Le tre potenze hanno inoltre concordato che la prossima riunione del gruppo di lavoro si terrà ad Ankara nel giugno 2018 mentre il prossimo round dei colloqui di Astana si terrà per la prima volta a Sochi nel luglio 2018.
La scelta di una località russa in sostituzione della usuale Astana, capitale di un Paese neutrale al conflitto come lo è il Kazakistan, ha scatenato la reazione dei gruppi dei ribelli siriani, che hanno già promesso di boicottare l’evento perché, come ha detto il negoziatore dei ribelli Yasser Abdul Rahim, “dobbiamo rispettare il nostro popolo.
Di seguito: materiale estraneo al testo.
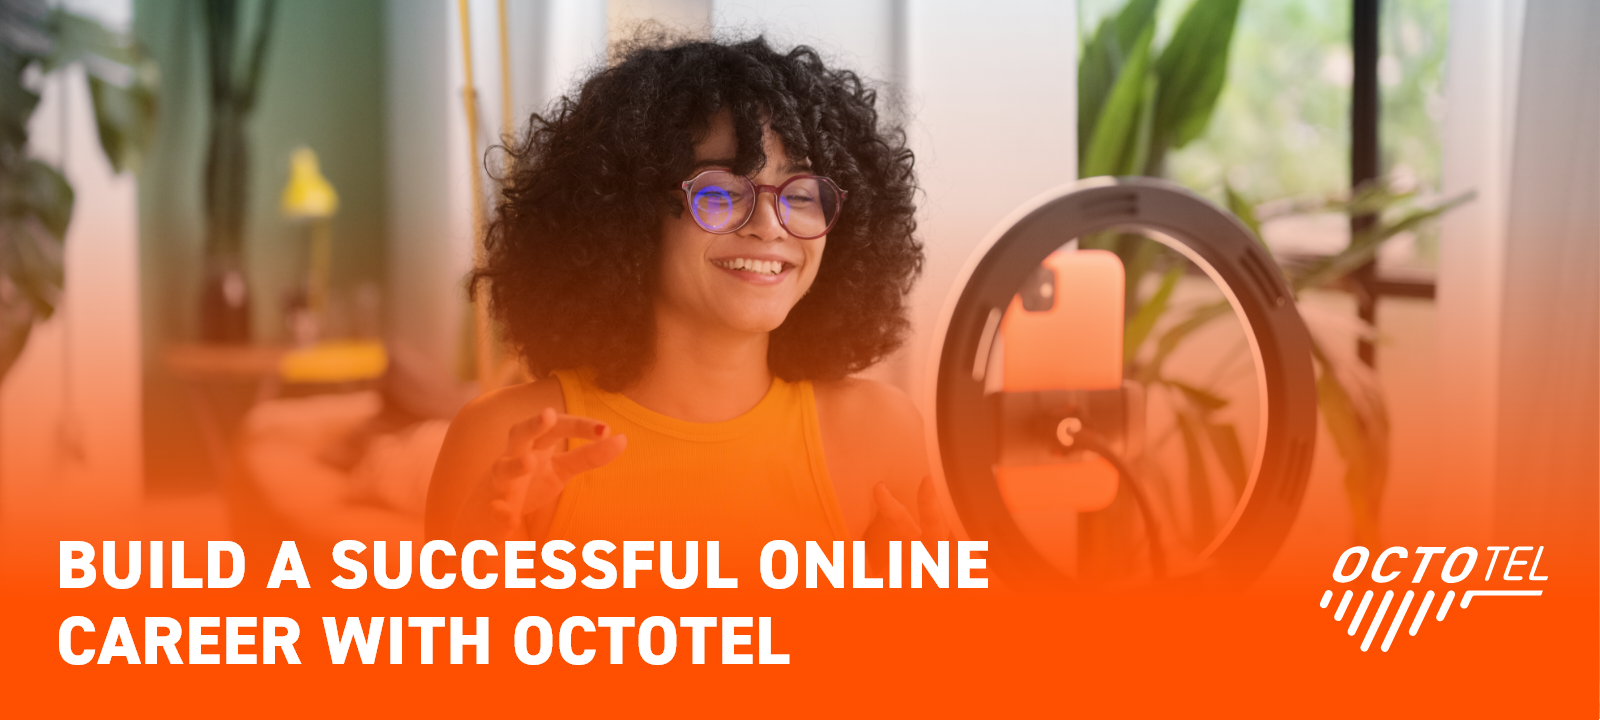 JOIN THE DIGITAL PLAYGROUND: FIND YOUR DREAM JOB WITH OCTOTEL FIBRE.

La Russia non ha mai smesso di uccidere civili siriani“.
Dal canto suo la Russia, per bocca del suo negoziatore Alexander Lavrentyev, ha dichiarato: “Comprendiamo che questo [cambio di località] sembri piuttosto strano, ma […] considerando la situazione sul campo, le nuove realtà, vorremmo dare un nuovo slancio ai colloqui, spostando l’attenzione più verso le componenti politiche e umanitarie“.
In realtà, spostare i colloqui in Russia, rinunciando al principio di neutralità che di solito guida la scelta delle località dei colloqui politici, è una scelta politica che lancia un messaggio molto chiaro circa i rapporti di forza e l’esito della guerra.
Tuttavia, la vittoria militare del regime siriano e dei suoi alleati non determinerà la fine del conflitto e non implica automaticamente una vittoria politica: in un Paese raso al suolo il cui governo deve la sua sopravvivenza alle potenze straniere alleate, in un Paese diviso in zone di influenza, con migliaia di milizie straniere, con il tessuto sociale distrutto e con oltre metà della sua popolazione rifugiata all’estero, sfollata, detenuta o deceduta, con una quantità abnorme di crimini contro l’umanità che rischiano di restare impuntiti e con nuove leggi sulla confisca dei beni dei rifugiati che rischiano di impedirne il ritorno in patria, una reale vittoria da parte del regime, che non sia solo militare, resta da vedere, così come una fine reale del conflitto appare ancora molto lontana.